EXERCISE DATA
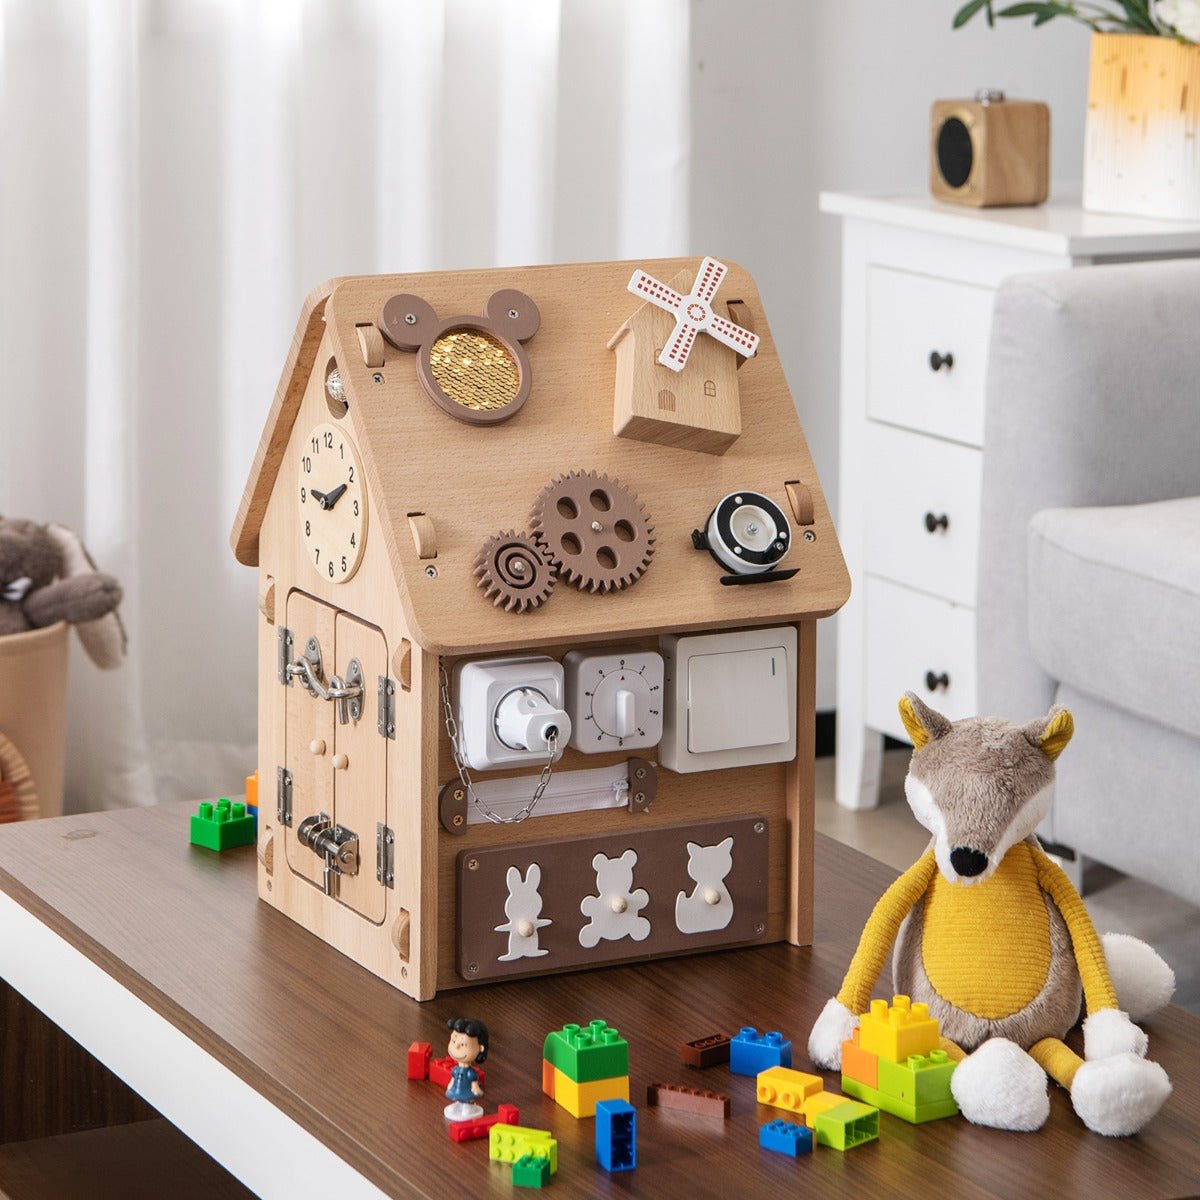 Busy House Fun: Where Imagination Comes to Life!
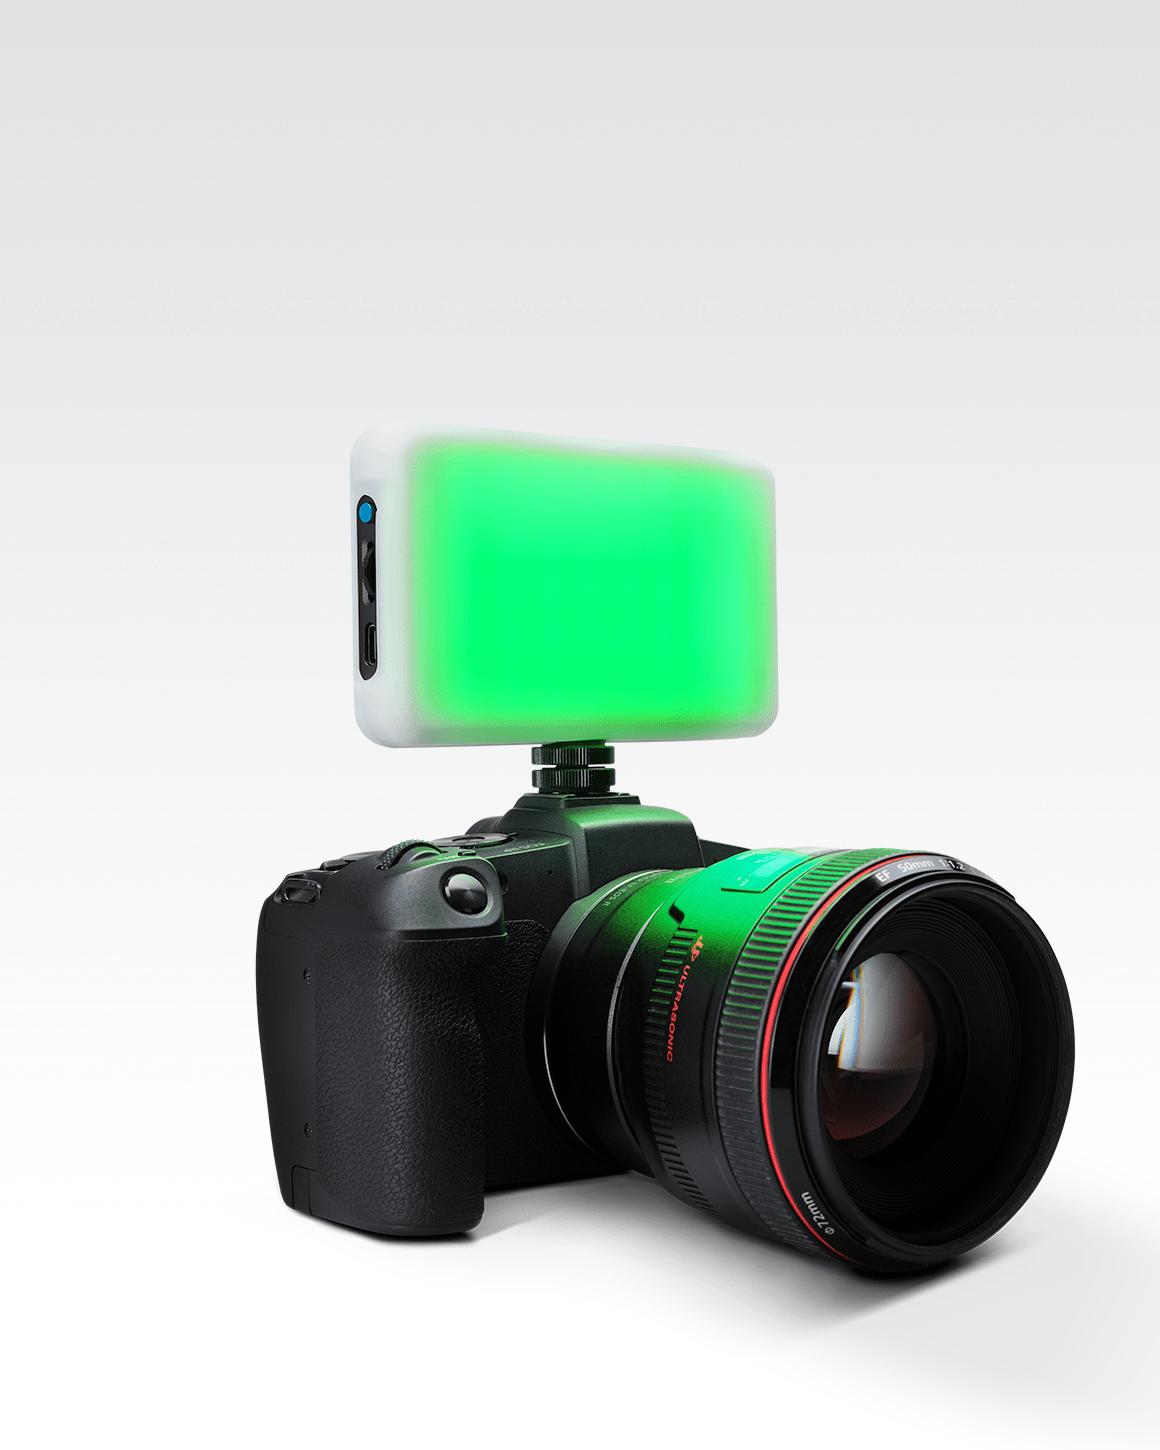 Lume Cube RGB Panel Go mounted on Sony camera with Green LEDs glowing behind white Silicone Diffuser sleeve.
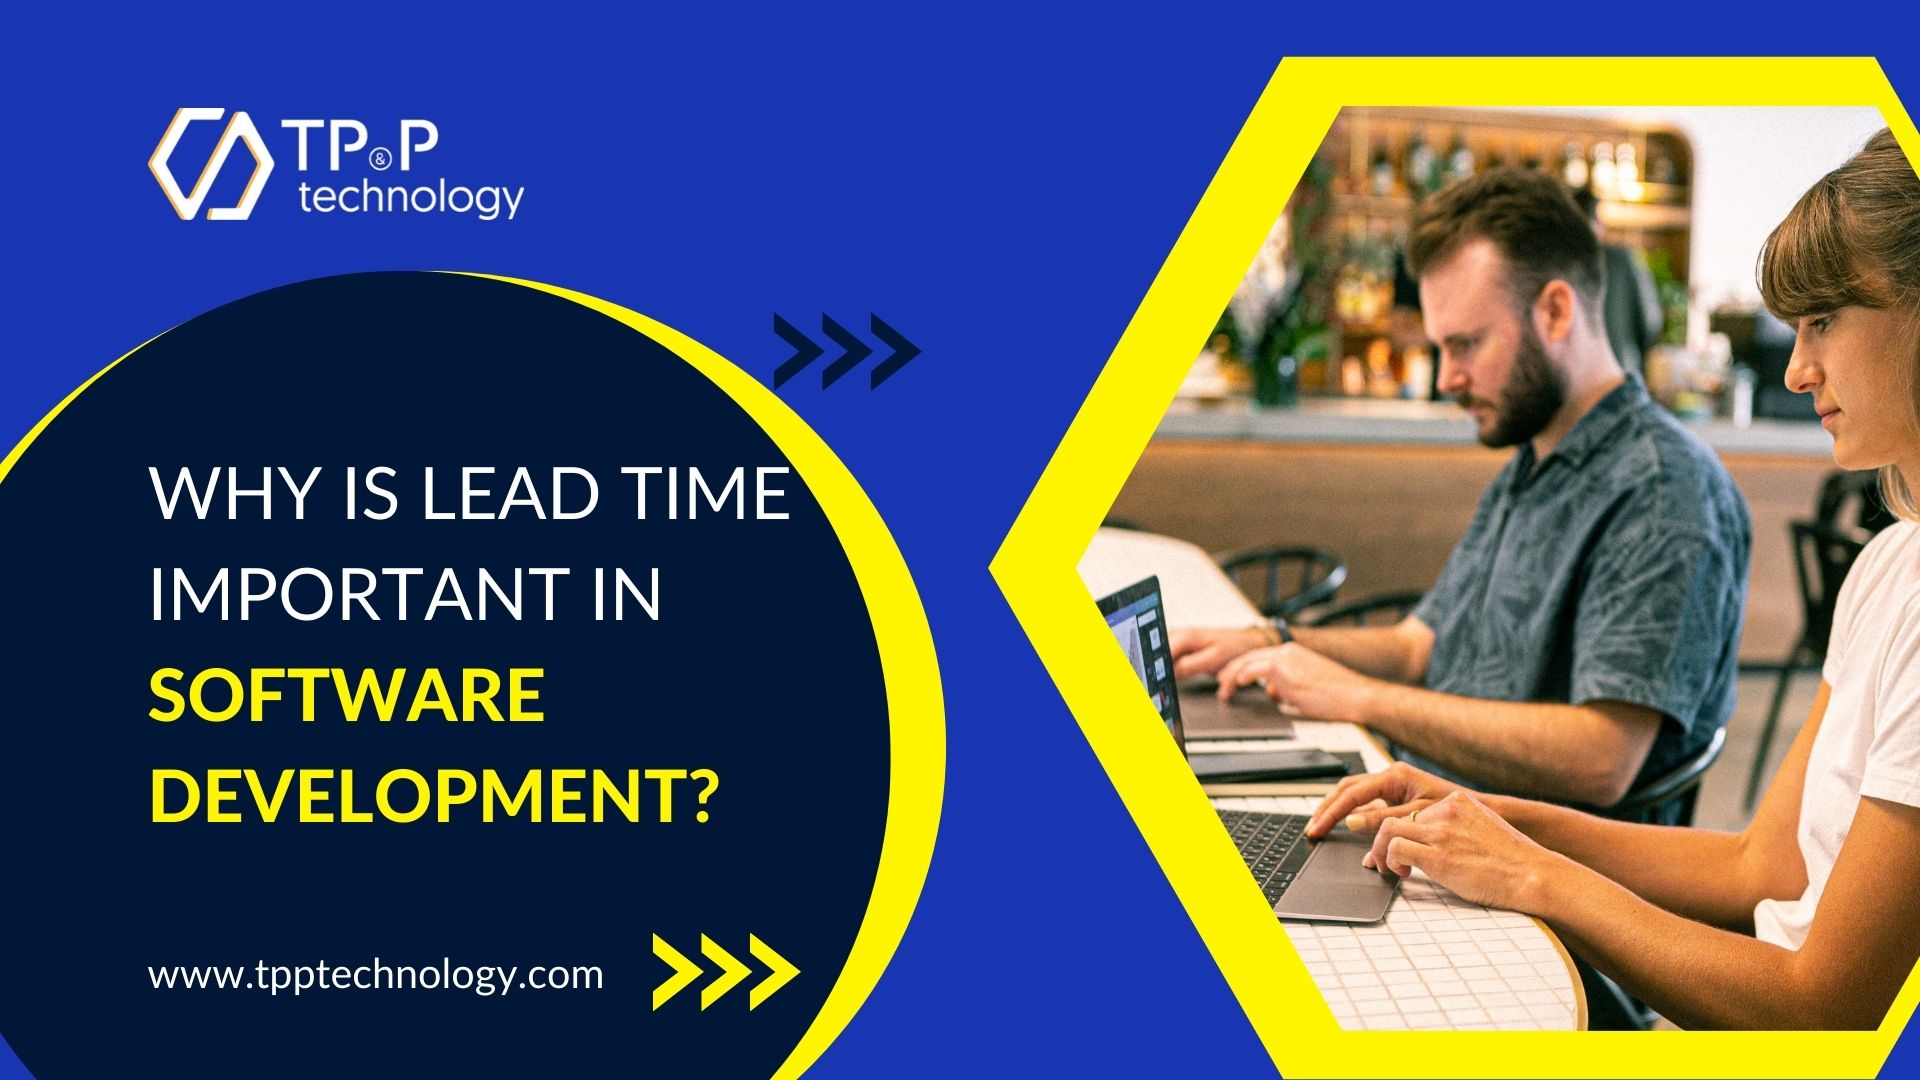 Why Is Lead Time Important In Software Development?

EXERCISE REQUIREMENTS
Transcribe the whole of the data exactly, minus any pictures.

RESPONSE BOX
 Busy House Fun: Where Imagination Comes to Life!
 Lume Cube RGB Panel Go mounted on Sony camera with Green LEDs glowing behind white Silicone Diffuser sleeve.
 Why Is Lead Time Important In Software Development?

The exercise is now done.